[Serve] Fix app-level autoscaling policy state: cross deployment contamination and state loss for skipped deployments by vaishdho1 · Pull Request #62484 · ray-project/ray

vaishdho1 · 2026-04-09T22:02:56Z

Description

Changes to fix #62482

autoscaling_policy.py:
a) Copies the user state before merging
b) Call _merge_user_state_with_internal_state for skipped deployments instead of returning raw internal state.
test_autoscaling_policy.py : Unit test which verifies two deployments with different internal state don't cross contaminate when the user policy returns a shared dict.
test_application_state.py : Unit test which verifies user state persists across control loop iterations for a deployment the policy skips.

Related issues

Fixes:#62482
Related to: #58857

Signed-off-by: Vaishnavi Panchavati <vaishdho10@gmail.com>

gemini-code-assist

Code Review

This pull request updates the autoscaling policy logic to ensure that custom policy states are correctly copied and merged, preventing cross-deployment contamination. The changes include updates to the autoscaling policy implementation and the addition of unit tests to verify state isolation and persistence for skipped deployments. Feedback highlights a potential regression regarding state loss for skipped deployments and suggests defensive handling for cases where the user policy returns None. Additionally, it is recommended to expand the unit tests to explicitly verify that user-provided state keys are preserved during the merge process.

gemini-code-assist · 2026-04-09T22:07:04Z

            custom_policy_state_per_deployment = updated_custom_policy_state.get(
                dep_id, {}
-            )
+            ).copy()
+            if dep_id not in desired_num_replicas_dict:
+                final_state[dep_id] = _merge_user_state_with_internal_state(
+                    state_per_deployment[dep_id],
+                    custom_policy_state_per_deployment,
+                )
+                continue


The current implementation introduces a regression where user-defined state is lost for skipped deployments if the policy does not explicitly return it in the state dictionary. In the previous version, the entire state (including user keys) was preserved for skipped deployments.
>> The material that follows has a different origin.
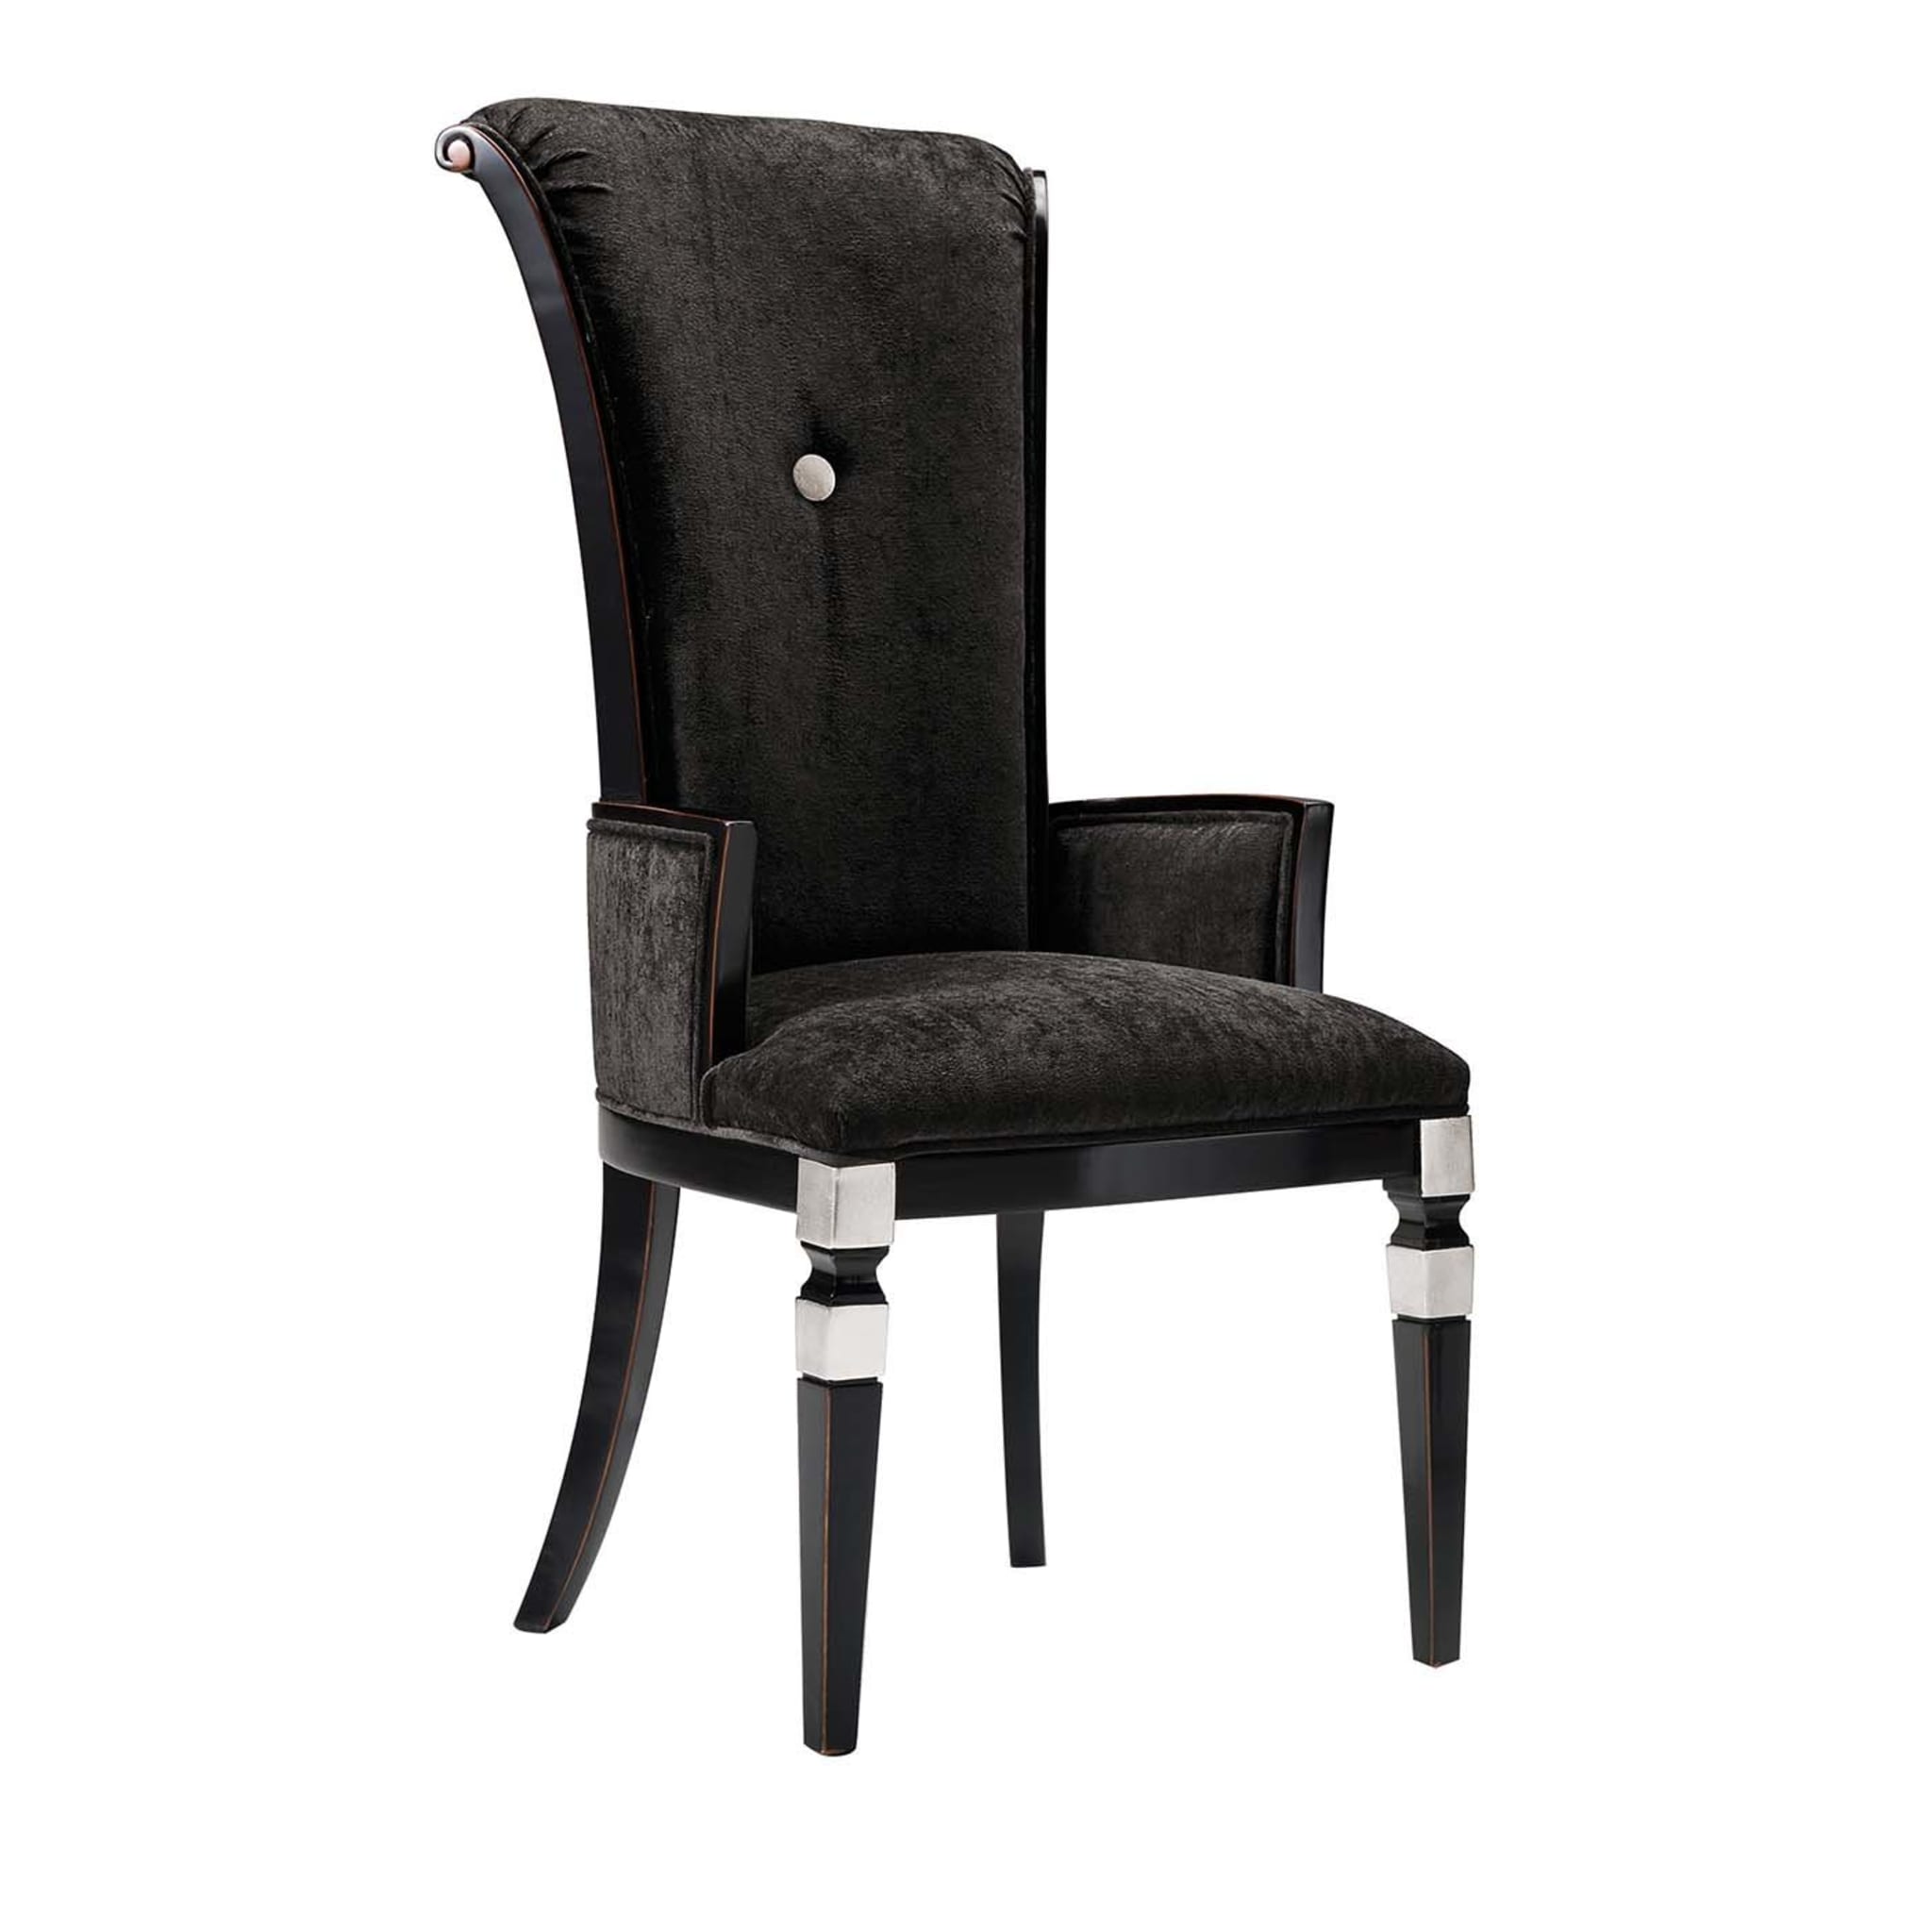 Grignani Black Dining Chair - Main view

Additionally, calling .copy() on the result of .get(dep_id, {}) will raise an AttributeError if the user policy explicitly returns None as the state value for a deployment.

It is recommended to fallback to the previous state when a deployment is skipped and no new state is provided, while also handling potential None values defensively.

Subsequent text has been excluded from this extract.